» **PROBLEM REQUIREMENTS**
The lines to copy run from the one containing "FJ630020 20//- Rib" to the end of the listing. Please write them out exactly, minus the pictures.

Start of DATA EXTRACT

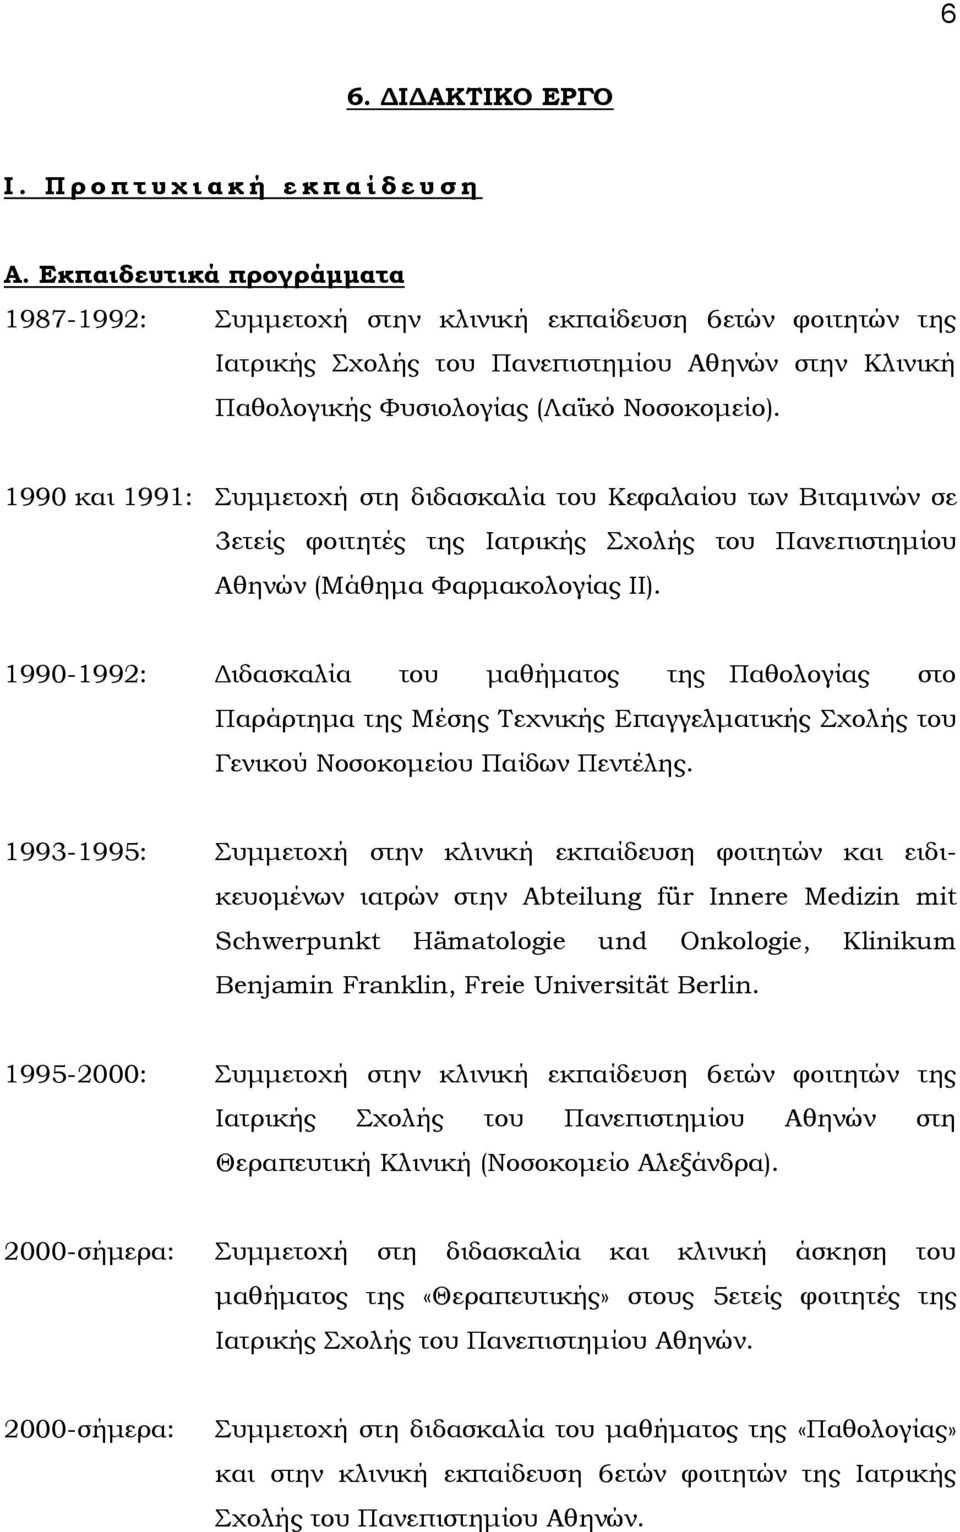 1990 και 1991: υμμετοχή στη διδασκαλία του Κεφαλαίου των Βιταμινών σε 3ετείς φοιτητές της Ιατρικής χολής του Πανεπιστημίου Αθηνών (Μάθημα Υαρμακολογίας ΙΙ).
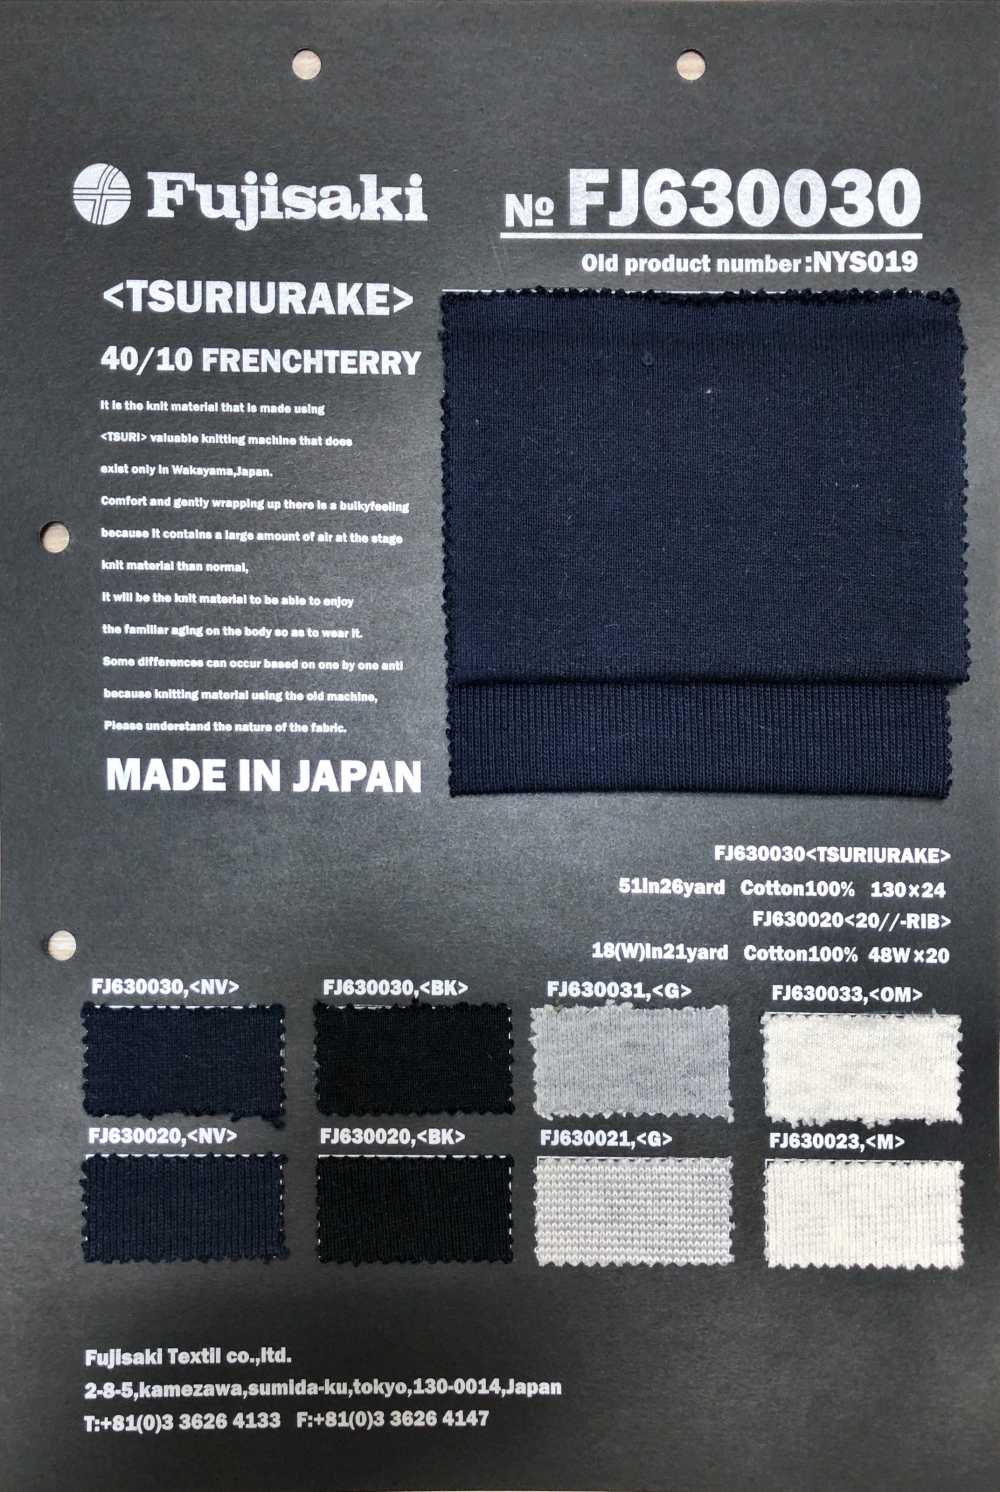 FJ630020 20//- Rib Knit[Textile / Fabric] Fujisaki Textile
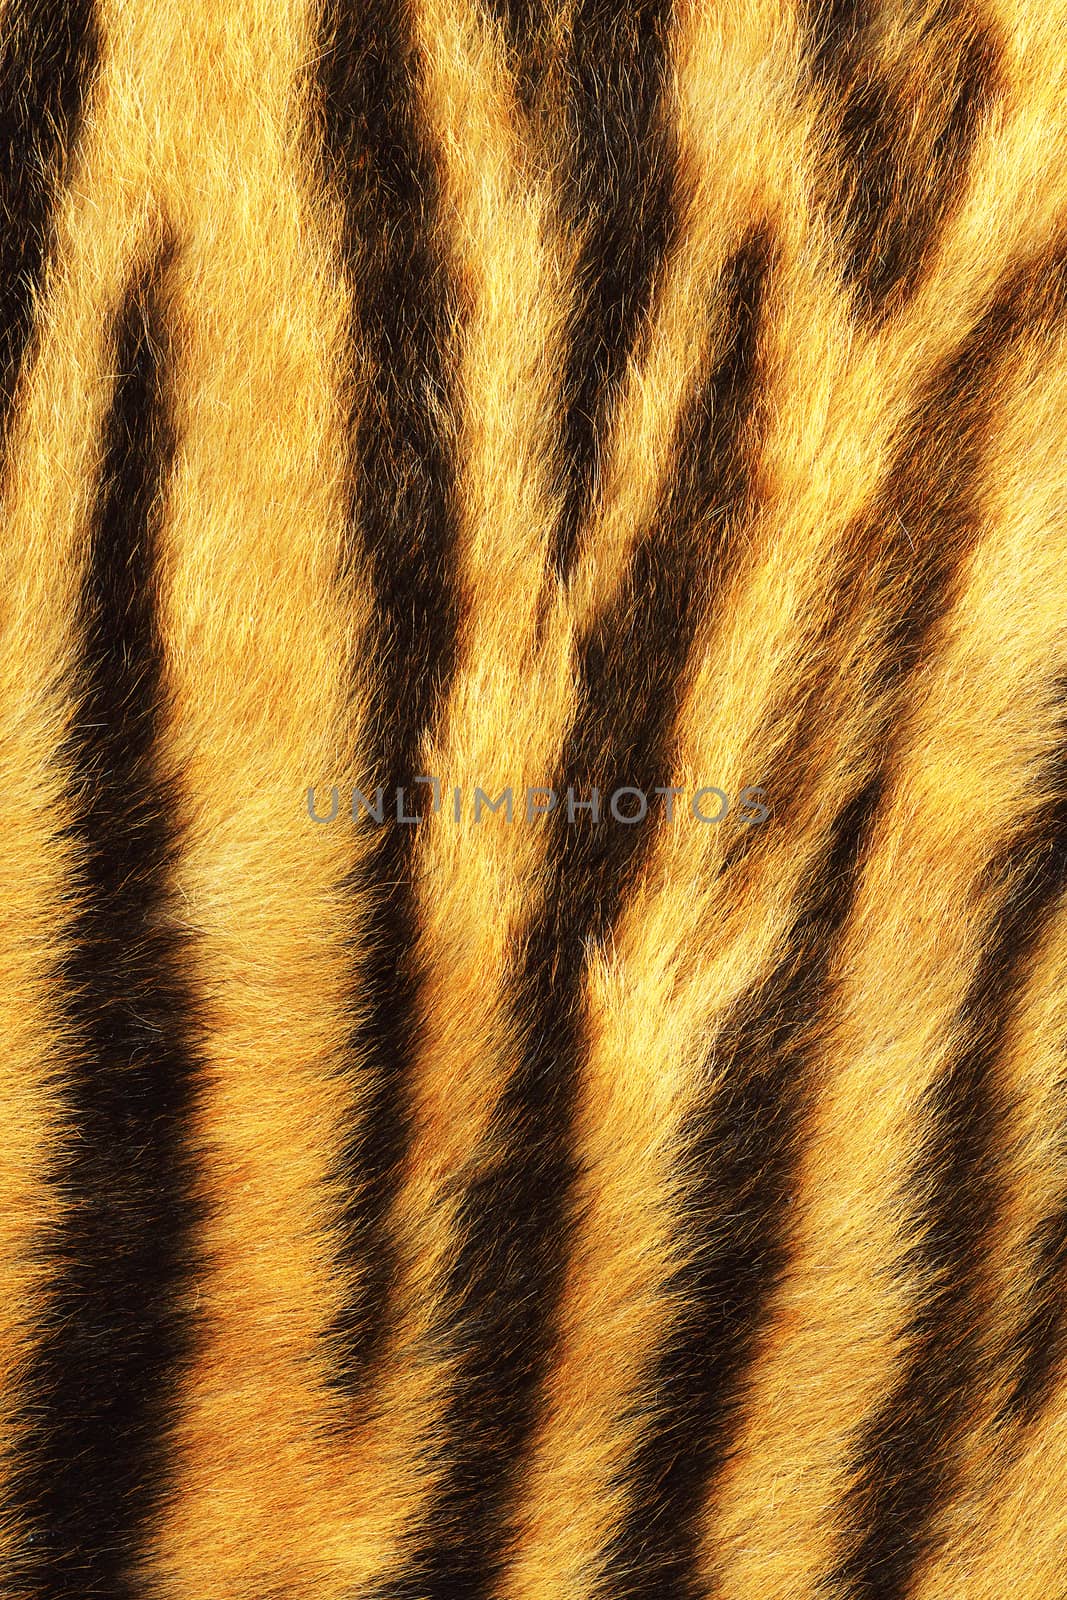 detailed tiger stripes fur, real animal pelt

End of DATA EXTRACT

» **WRITTEN RESPONSE**
 FJ630020 20//- Rib Knit[Textile / Fabric] Fujisaki Textile
 detailed tiger stripes fur, real animal pelt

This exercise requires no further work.